I'm pretty proud of this tiny little piece. Its 316 stainless and its tapered so that when you tighten the plastic collar it seals against the beer line and the diptube fits in neatly inside it. Tested it to 20PSI with no leaks.


----------



## waggastew

Quick question re: tap placement.

I have purchased all my parts for a portable keg setup. I have room in my esky to put the tap above, level or level with the bottom of the keg.

Apart from factoring in height into line balancing is there any other reason to choose one position over another?

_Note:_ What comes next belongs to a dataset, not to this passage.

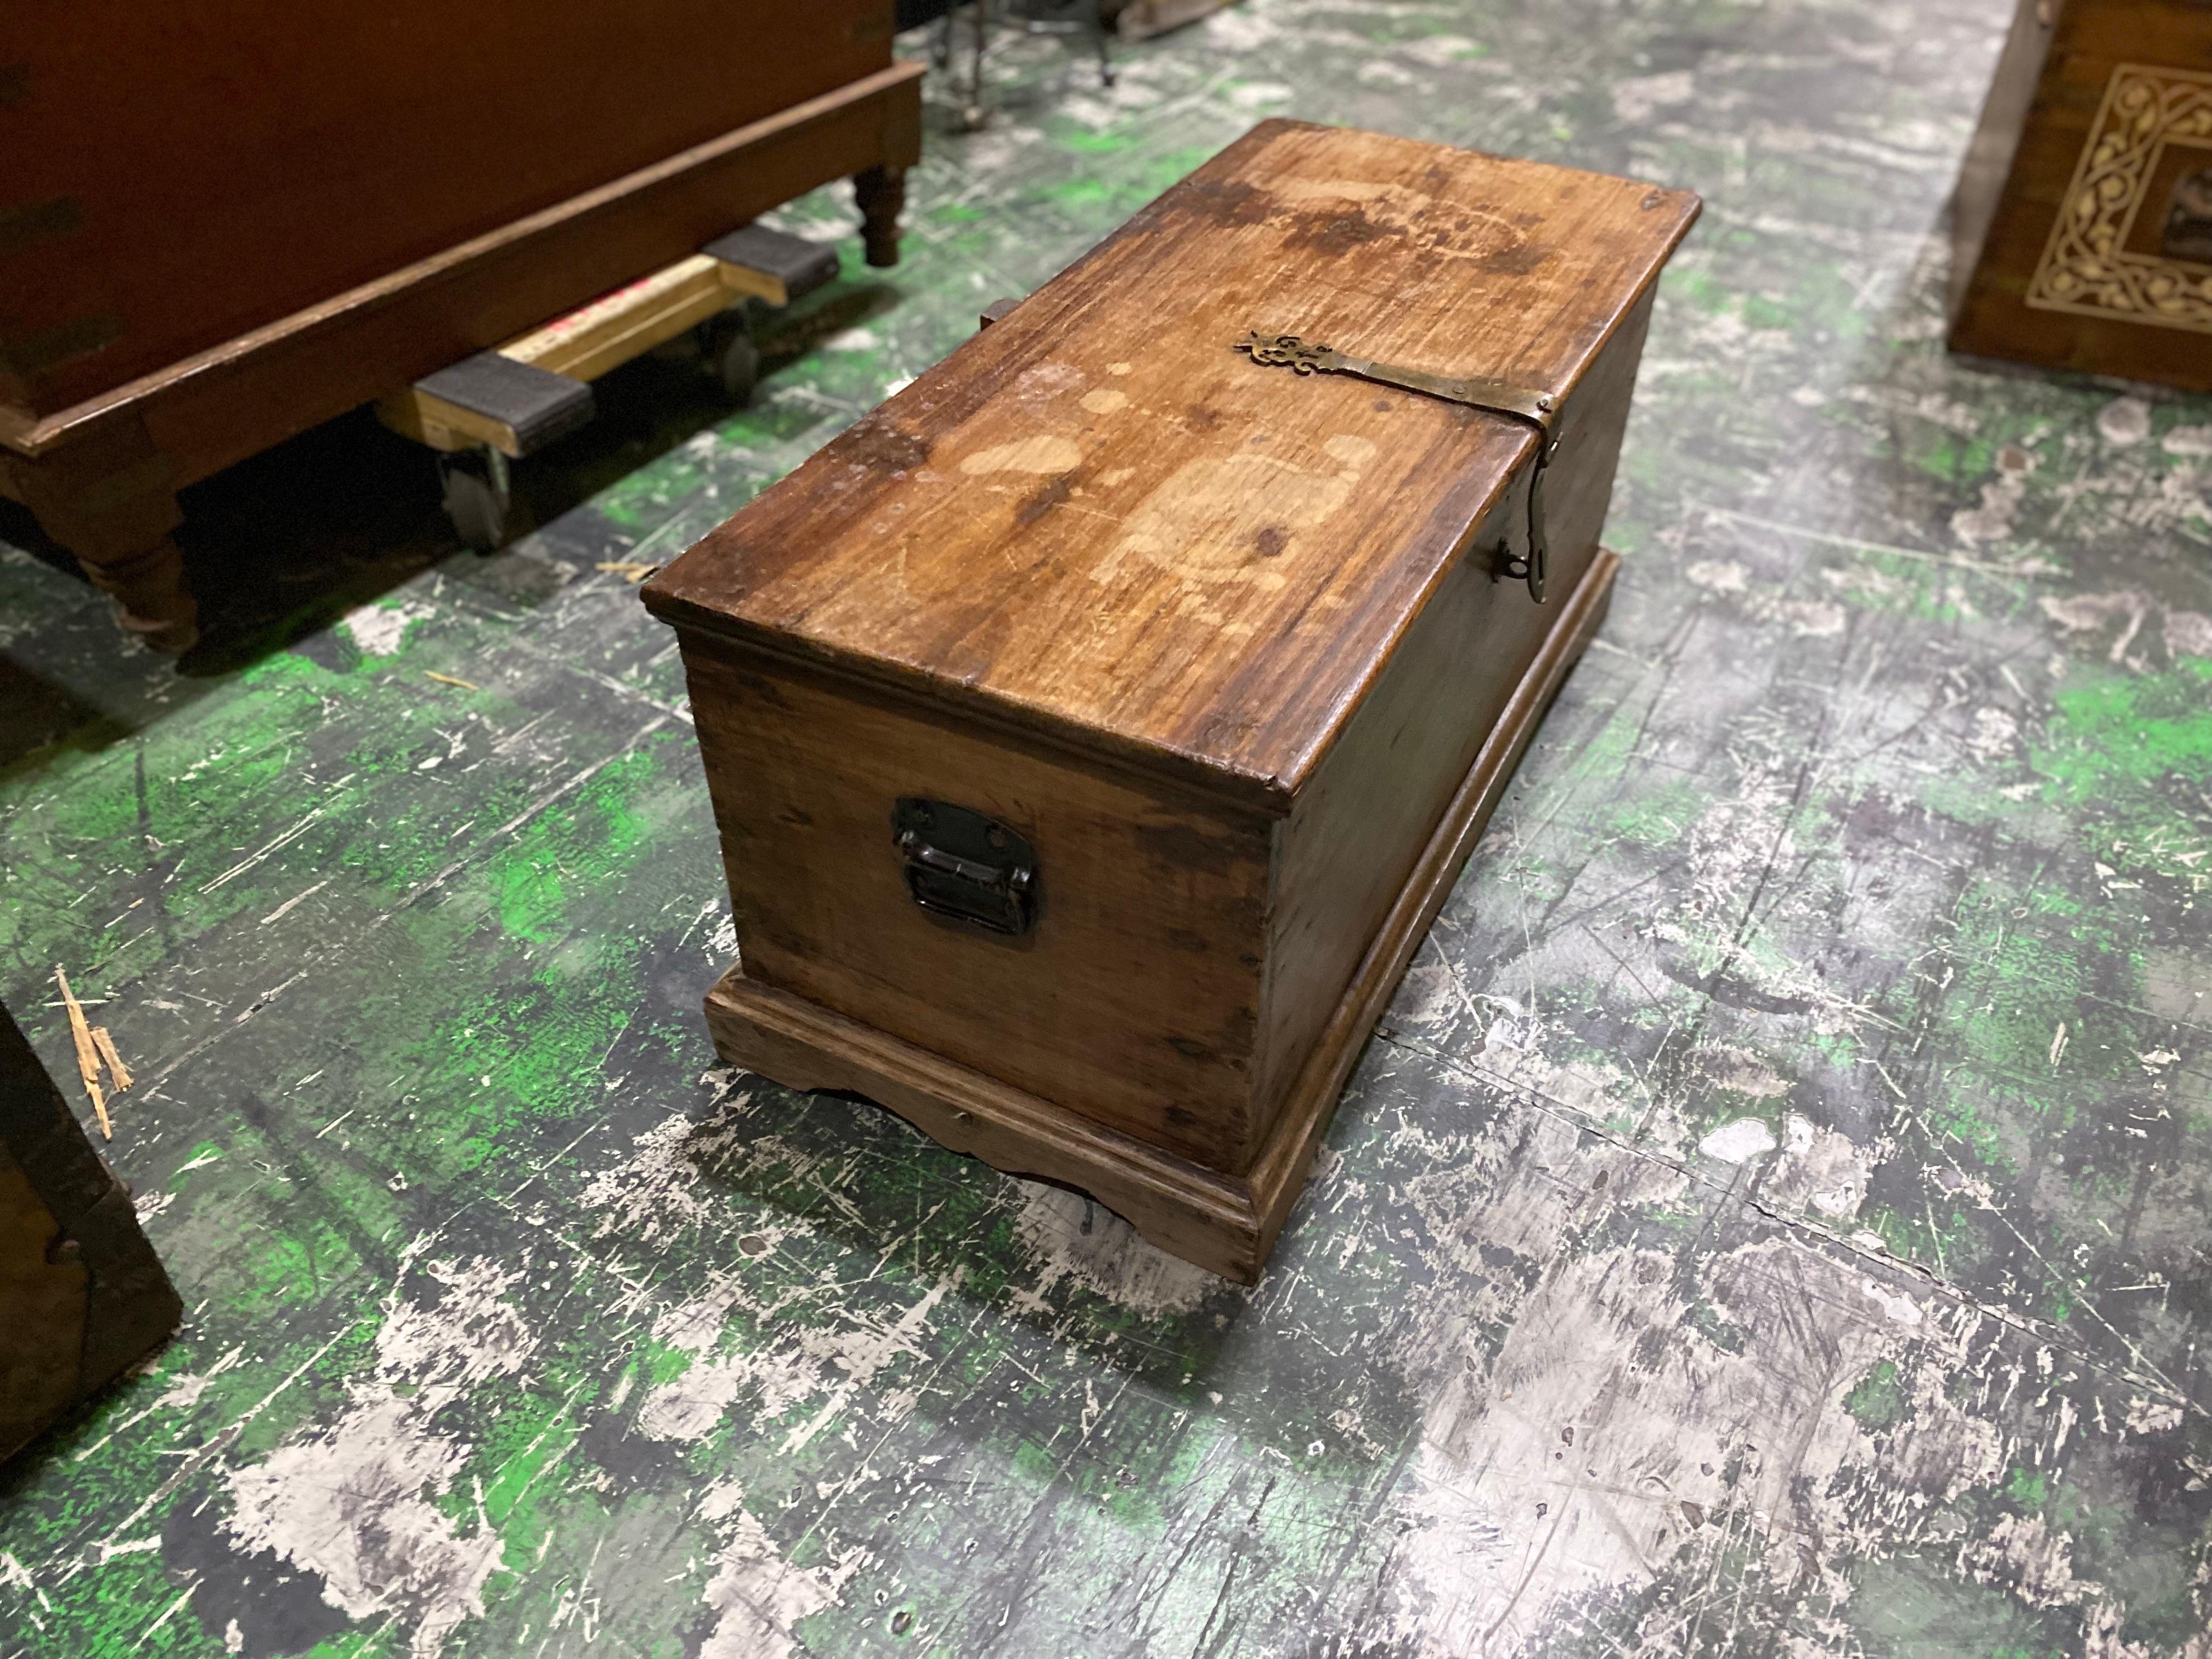 Late 19th Century French Bible Box, Trunk, Blanket chest.
Likely used as a chest to hold sacred items such as a bible, music manuscripts, candles, etc. A simply constructed wood box with no decoration except the original brass strap hinge with

One thought I had was having the line at the bottom of the esky means it is submerged in ice and hence should keep a little cooler.


----------



## MastersBrewery

you could sell those delrin adapters I'm sure


----------



## shaunous

That setup is sweet wigarus, the only thing I'd build upon that probably might be to hard anyway is having a tap, like a push button thing built into the wall of the esky, so there isn't anything protruding the walls of the esky, much anyway. Then you'd have a perfect camping keg setup, easily packed in ya 4x4, and square shaped so no space is wasted beside it, and the tap cannot be snapped off. Be just like taking an esky and throwing it in the car like u would anyway.


----------



## waggastew

Starting to put together my portable keg setup.

Main aim was to have something to take to parties to dispense 9.5L kegs AND be completely self contained. This last bit was the most difficult as I had to consider regulator, gas bottle etc. Went through a few permutations and ended up going with a SS bottle and single stage mini-reg. Decided against keg chargers as I didn't want to have to play around with the gas during the party. This setup should be essentially plug and play.

Just installed the tap.






Next I am installing a plastic bracket to keep the gas bottle upright and swearing my way through connecting the 4mm ID beer line to the tap connection and disconnect. A mate is currently working on my new logo and labels so once he is done I will get a big logo sticker printed for the front and smaller ones for the font label. Timber handle laser etched with my brewery name is on the way from the US and all should be ready for an upcoming 'famcation'. Plan is to bring two kegs, one in the setup, the other in a separate esky.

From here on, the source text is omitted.